Banks reap billions of dollars in revenue each year from abusive overdraft products. The exorbitant fees, often $35 for even a very small overdraft, and short repayment terms make the actual cost of credit astronomical, and because overdraft loans are not regulated as credit, they lack many consumer protections. Overdraft, sometimes referred to as “courtesy overdraft,” can be a debt trap that causes great financial hardship for lower income customers, and pushes many out of the banking system.
Banks derive the vast majority of overdraft revenue from a relatively small percentage of struggling customers who repeatedly overdraft, and who are disproportionately lower income or people of color.
Overdraft products are the biggest fee generator for banks.
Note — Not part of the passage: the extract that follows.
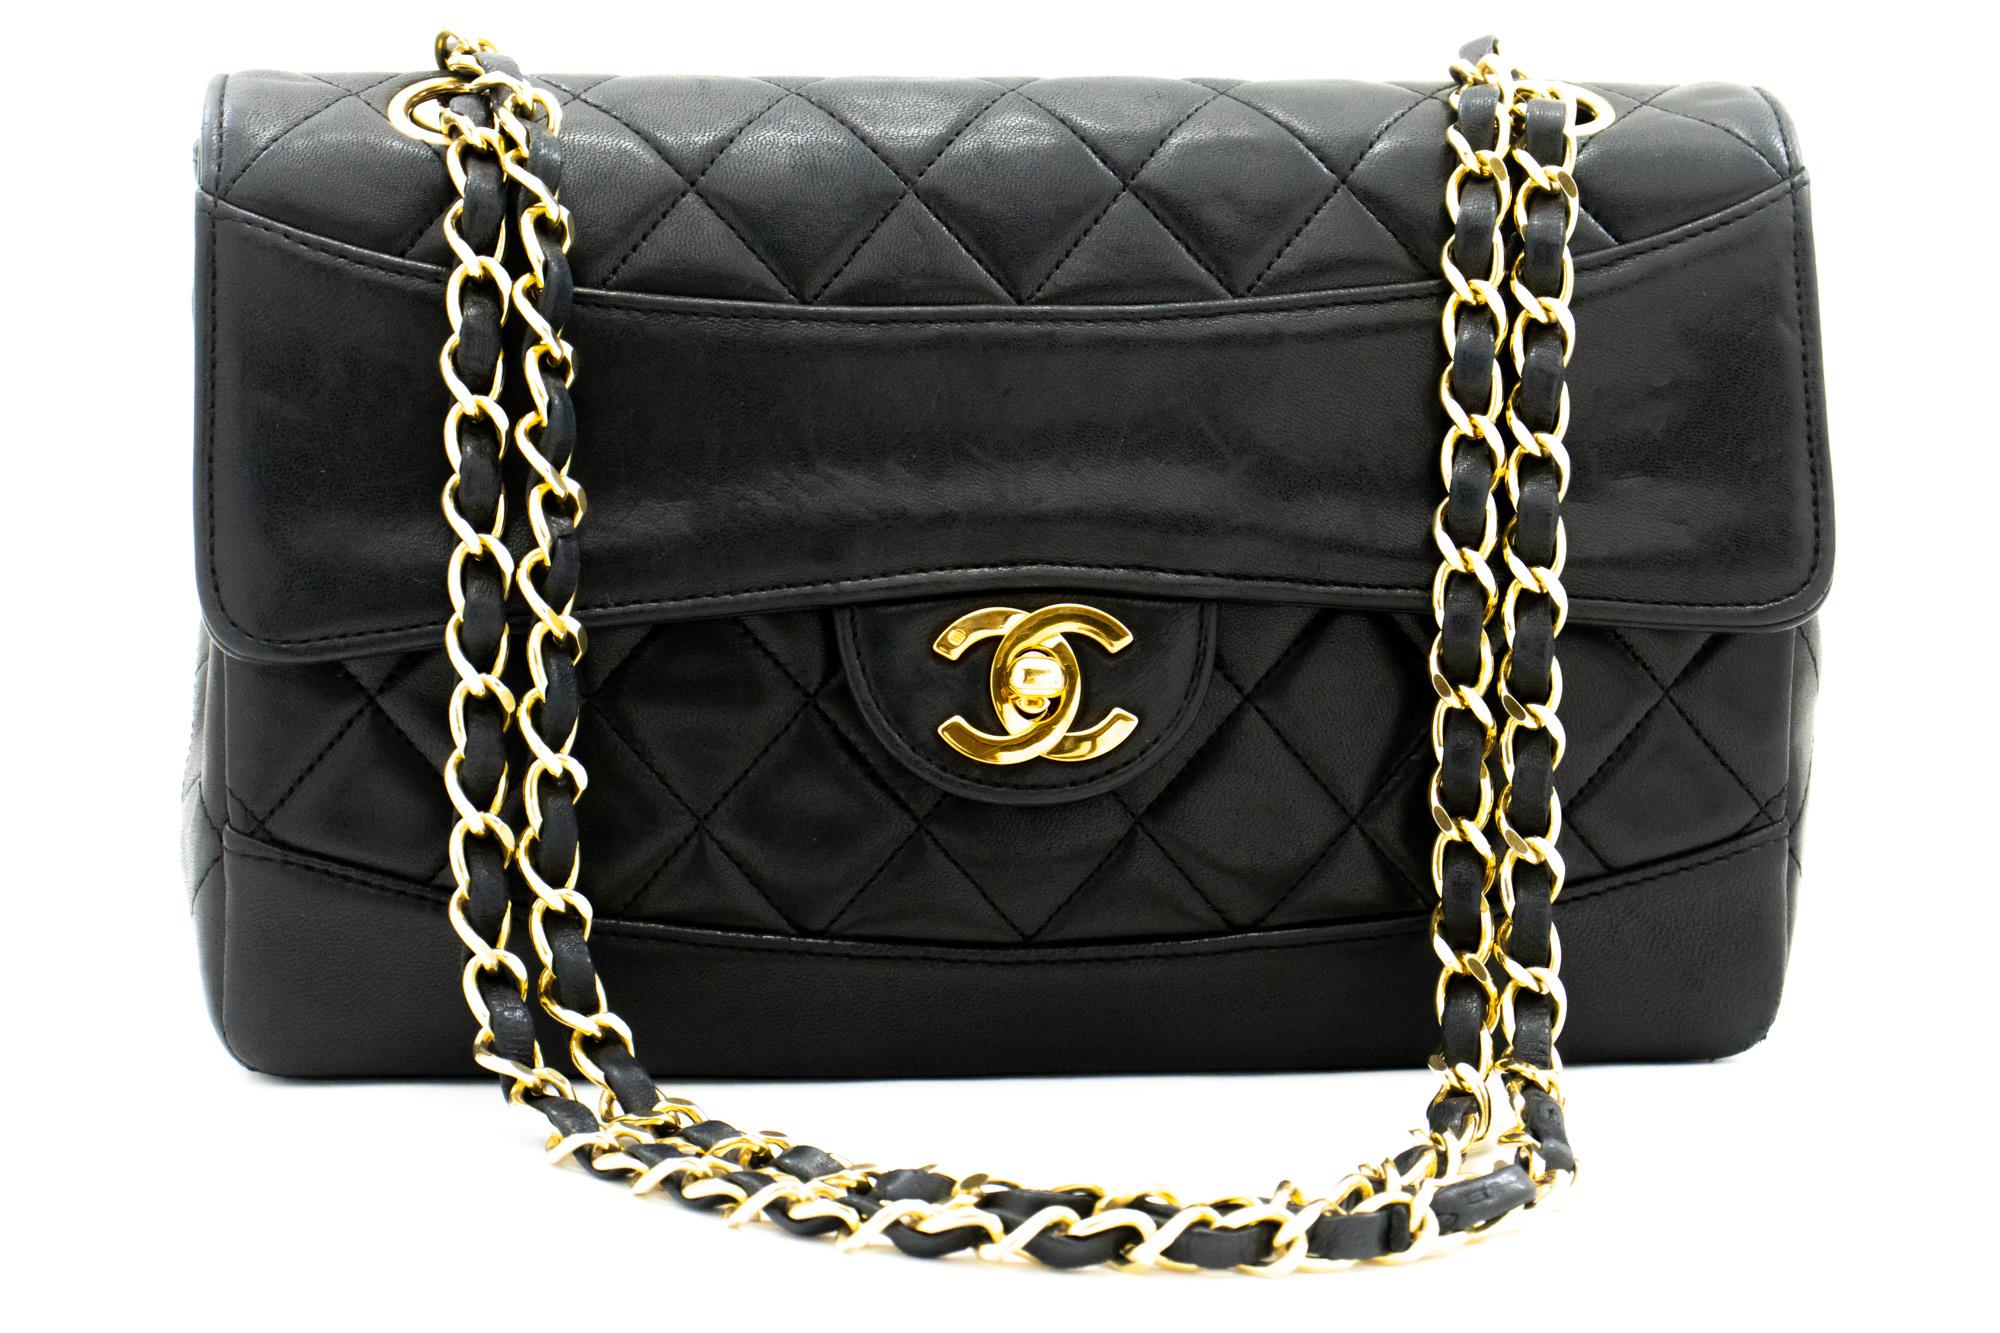 An authentic CHANEL Vintage Classic Chain Shoulder Bag Flap Quilted made of black Lambskin. The color is Black. The outside material is Leather. The pattern is Solid. This item is Vintage / Classic. The year of manufacture would be

As reported in the Wall Street Journal, a survey by Moebs Services, Inc. found that financial institutions generated $31.9 billion in overdraft revenue in 2013, while the median fee per overdraft has gone up since 2009.
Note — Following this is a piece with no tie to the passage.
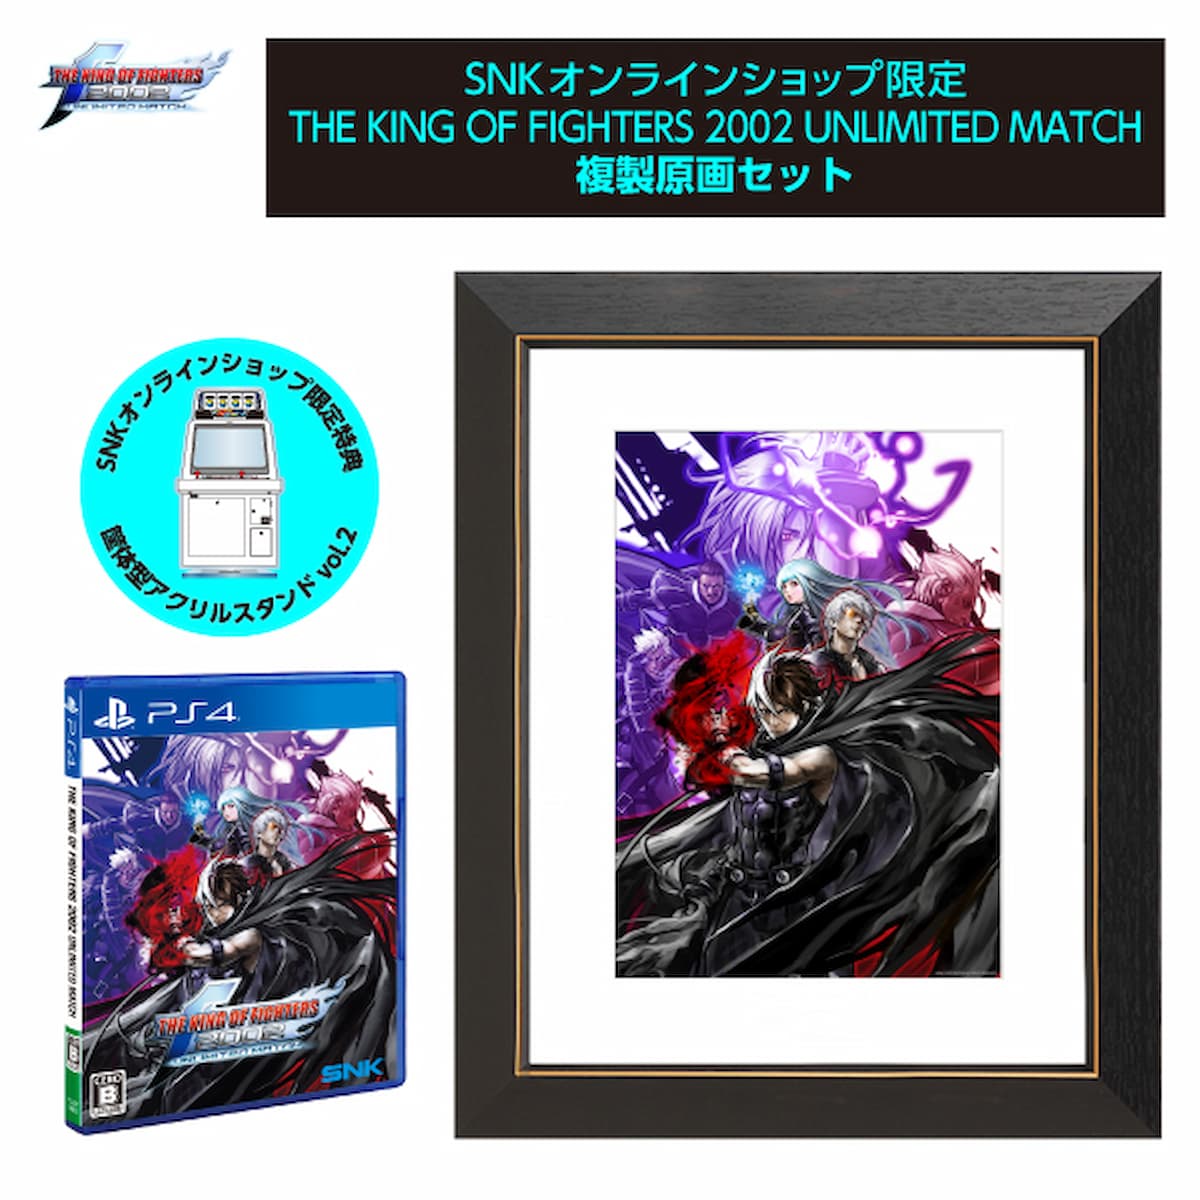 THE KING OF FIGHTERS 2002 UNLIMITED MATCH 複製原画セット - PS4

In response to broad concerns about the abusive nature of overdraft products, the Federal Reserve Board enacted certain regulatory changes in 2009, including requiring that bank customers must “opt in” to bank overdraft products that may be triggered by ATM withdrawals or debit card purchases. Despite the Federal Reserve’s 2009 rule changes, many bank customers are reportedly opting in to expensive courtesy overdraft coverage without their knowledge or understanding.
California Reinvestment Coalition, New Economy Project, Reinvestment Partners, and Woodstock Institute – undertook this mystery shopping project to investigate how the largest banks in four cities provide information to customers about the cost and risk of overdraft coverage.
Key Findings – New York
New Economy Project’s mystery shoppers visited the four largest retail banks in New York City, measured by deposits: Bank of America, Capital One, Chase, and Citibank. Eight mystery shoppers made 16 visits to bank branches, dividing their visits between branches in predominantly white and non-white neighborhoods.
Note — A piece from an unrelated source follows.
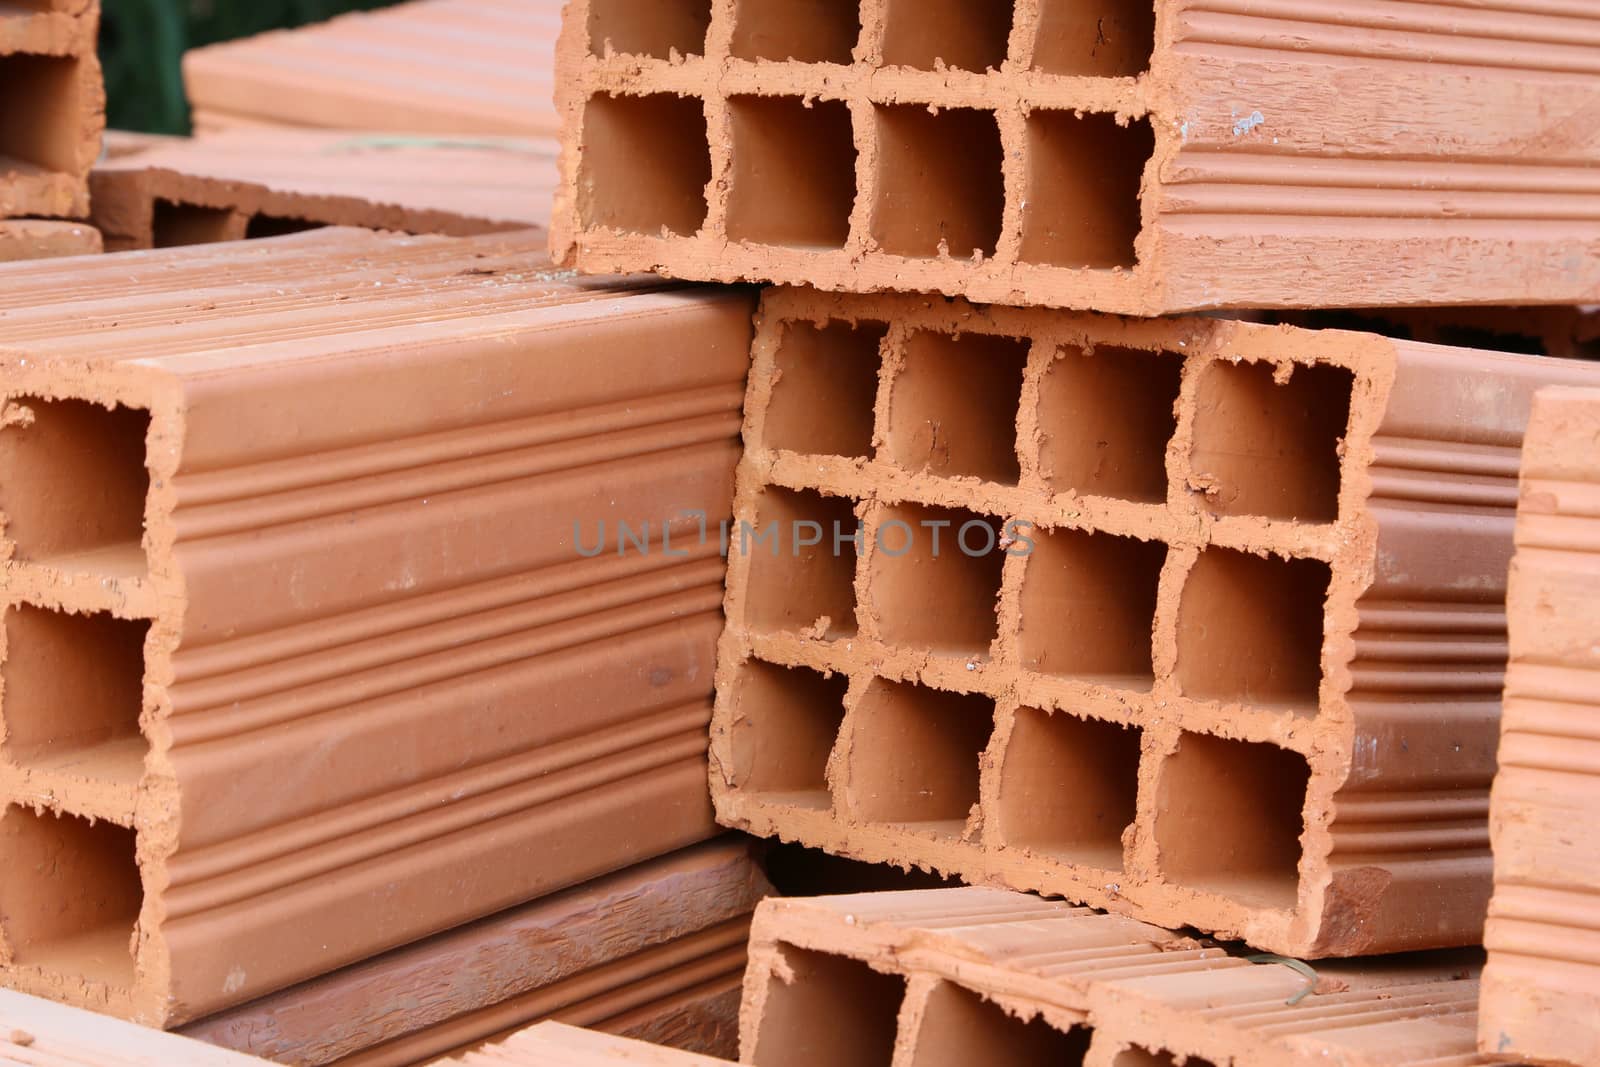 A certain number of red hollow clay bricks

1. Most bank employees presented overdraft as an automatic account feature, rather than as an optional product that, by law, the customer must opt into. Using words such as “feature” and “benefit,” and describing the overdraft fee as the “cost of overdrawing the account,” these bank representatives initially depicted overdraft as part of the basic account terms, or as an automatic feature when responding to questions from mystery shoppers.
2. Bank branches in communities predominantly of color were generally understaffed compared to branches in predominantly white neighborhoods, leading to long wait times and shorter consultation with bank staff, and making it more difficult to get basic account information. None of the mystery shoppers who visited branches in predominantly white neighborhoods encountered inadequate staffing, long lines, or poor service.
Given the abusive nature of overdraft, and based on findings from our mystery shopping, our four groups urge the CFPB and federal banking regulators to exercise their jurisdiction to prohibit overdraft fees on all ATM withdrawals and debit card transactions. Instead, banks should simply decline transactions if there are insufficient funds in the account.